18/25 ...all empires historically were, were *far* from the worse (again, speaking for most of pre modern history). Ottomans controlled many Christian lands in the Balkans and surrounding regions, with most those populations maintaining their languages, cultures, & religions.
19/25 If forceful acculturation had occurred, you'd have seen something more resembling the Arab Islamic conquests & Arabization of the 7th Century, which btw, again, was not really genocidal the way the Spanish/Catholic conquests were. Also, I got the impression that...
20/25 ...many people responding to my thread assumed Turkification in Azerbaijan was targeted mainly at Armenians, which I think also once again conflates Turkic groups by making Anatolia synonymous w/ Transcaucasia vis-a-vis Turkism. In fact, most Turkified groups were....
21/25 ...not Armenians but, as mentioned, an agglomerated mixture of Caucasian Albanians, Median Iranians, and Turkic groups such as the Oghuz and later Anatolians. Armenians of course are indigineous to the region, but plenty of other groups existed there historically.
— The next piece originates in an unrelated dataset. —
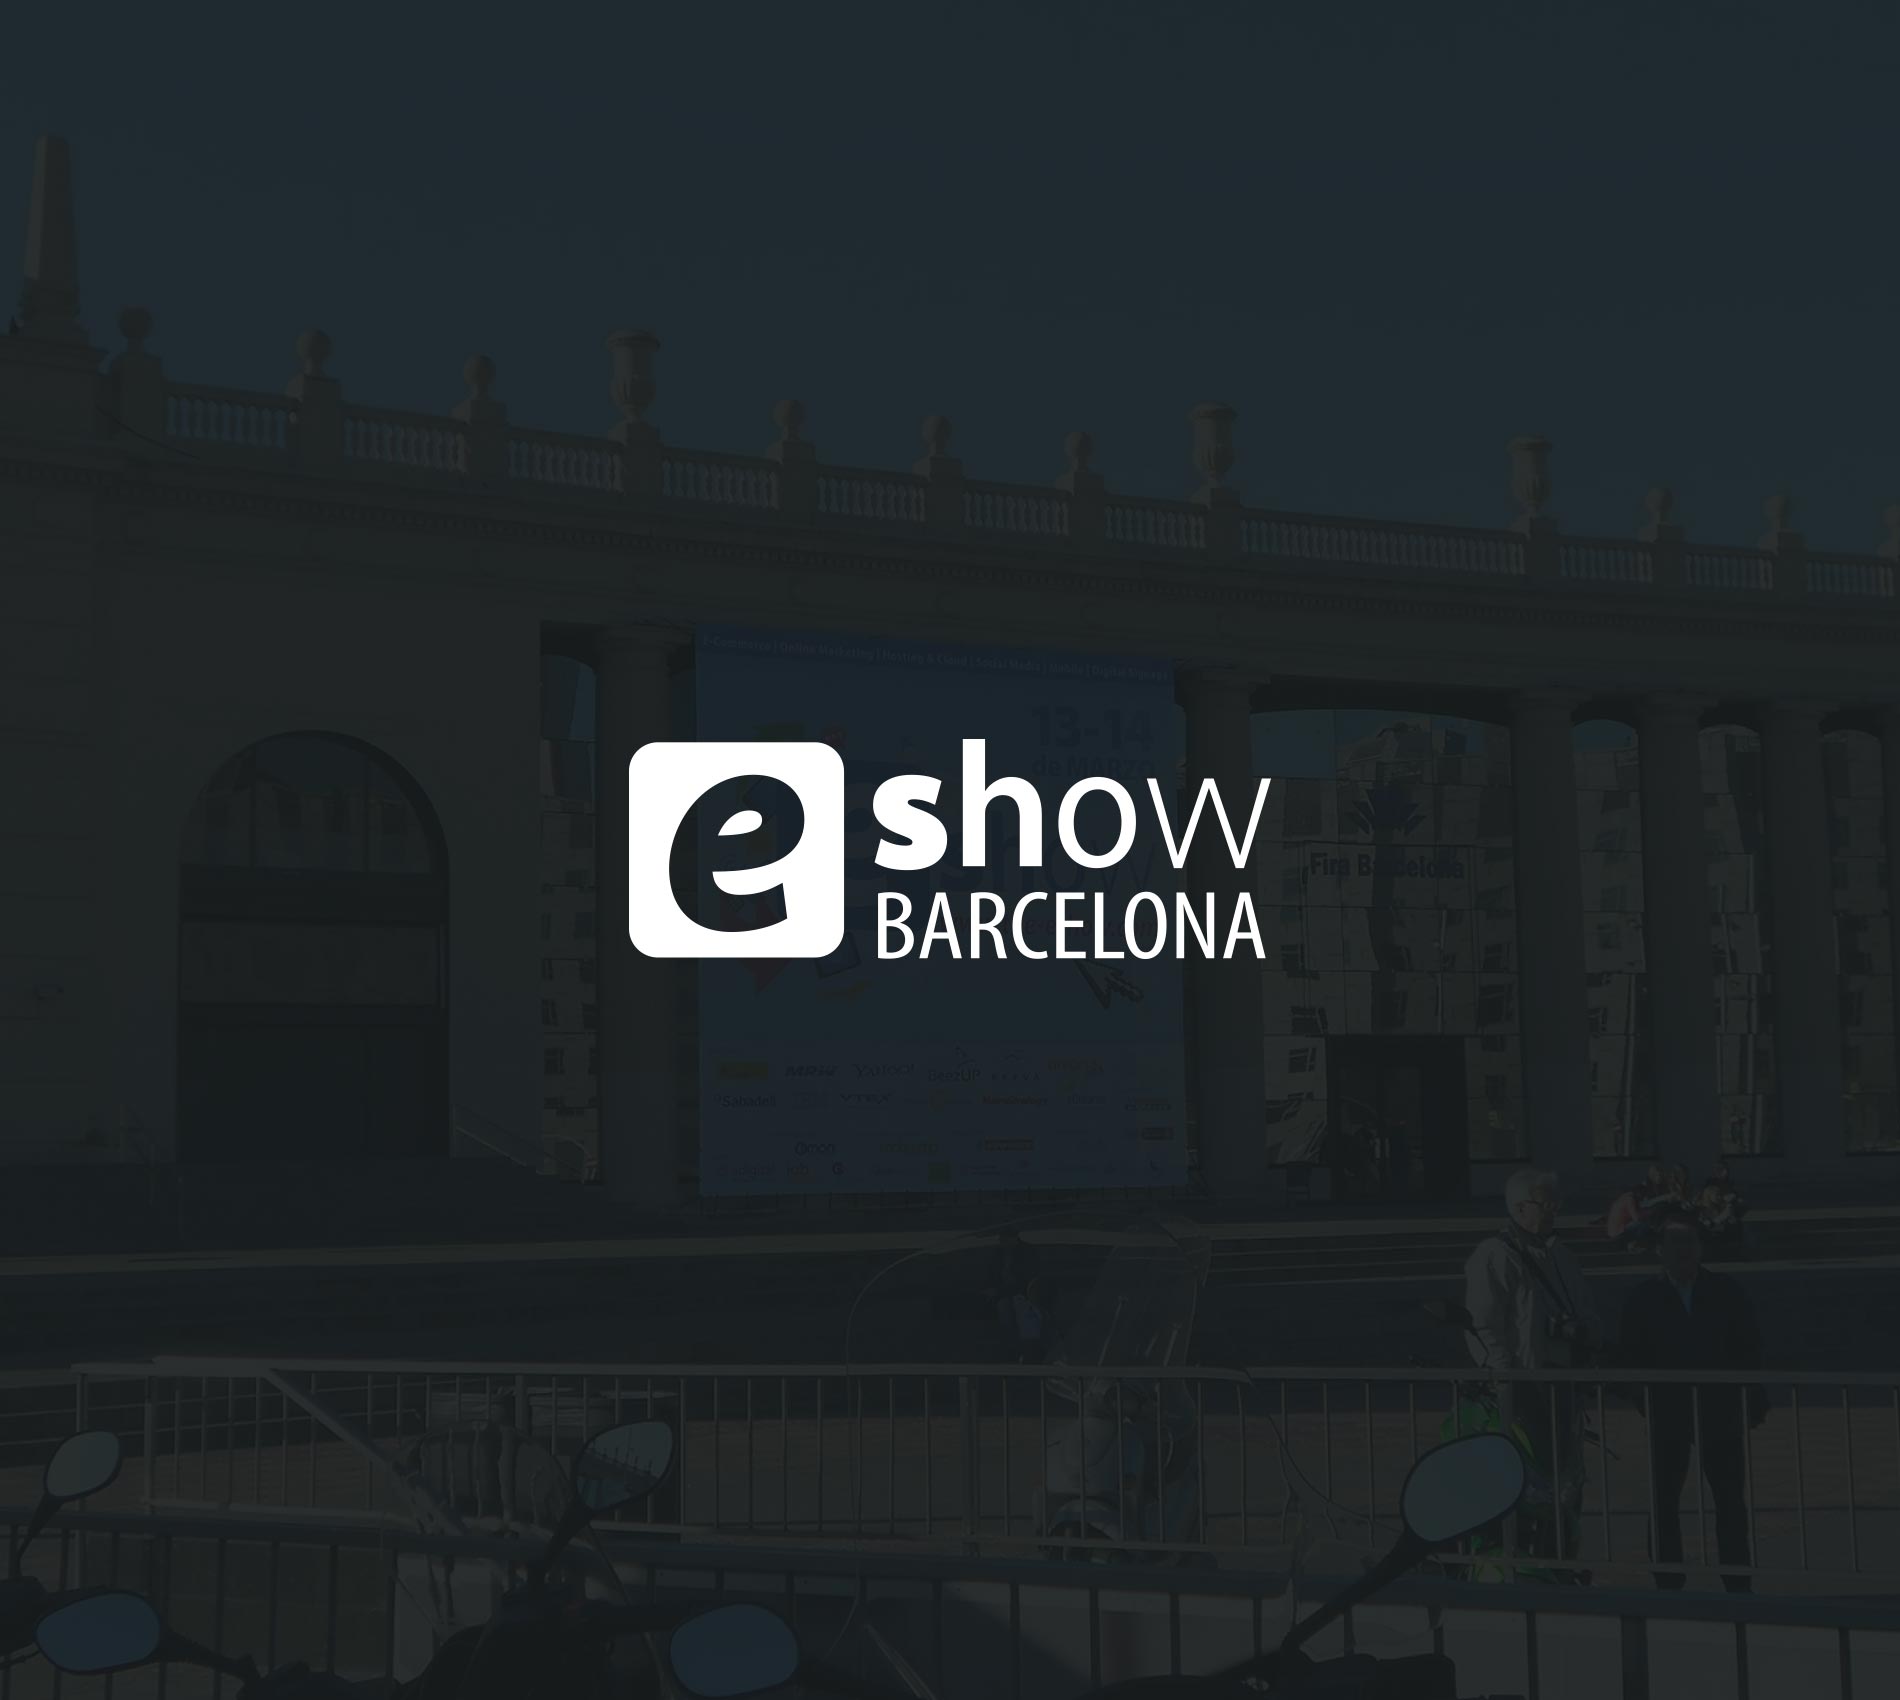 E-show 2013, Barcelona

22/25 Many people made comparisons to Native Americans & the United States, and rhetorically asked: if the US existed for 1,000 years, would that somehow make the land not Native because a certain amount of time elapsed? I get the idea, but I think the comparison falls flat.
23/25 First, the US wasn't a typical gradual acculturation. It was a near entire population replacement, mostly from lethal disease but the rest from armed elimination. Your average American basically has no indigineous blood, and those who do, have very minimal admixture.
24/25 Second, I don't believe any injustice can be solved by another injustice. If we go back to "primordial" ownership, there'd be no end to modern conflicts. Romanians would tell Hungarians to go back to Mongolia, as nationalists there often do, etc. The original context of...
25/25 ...this thread was pushing back against the claim that AZs have no rights to the 7 districts based off irredentist claims, despite being supermajorities there at the outbreak of the war & even though the Armenian population was concentrated in Upper Karabakh historically.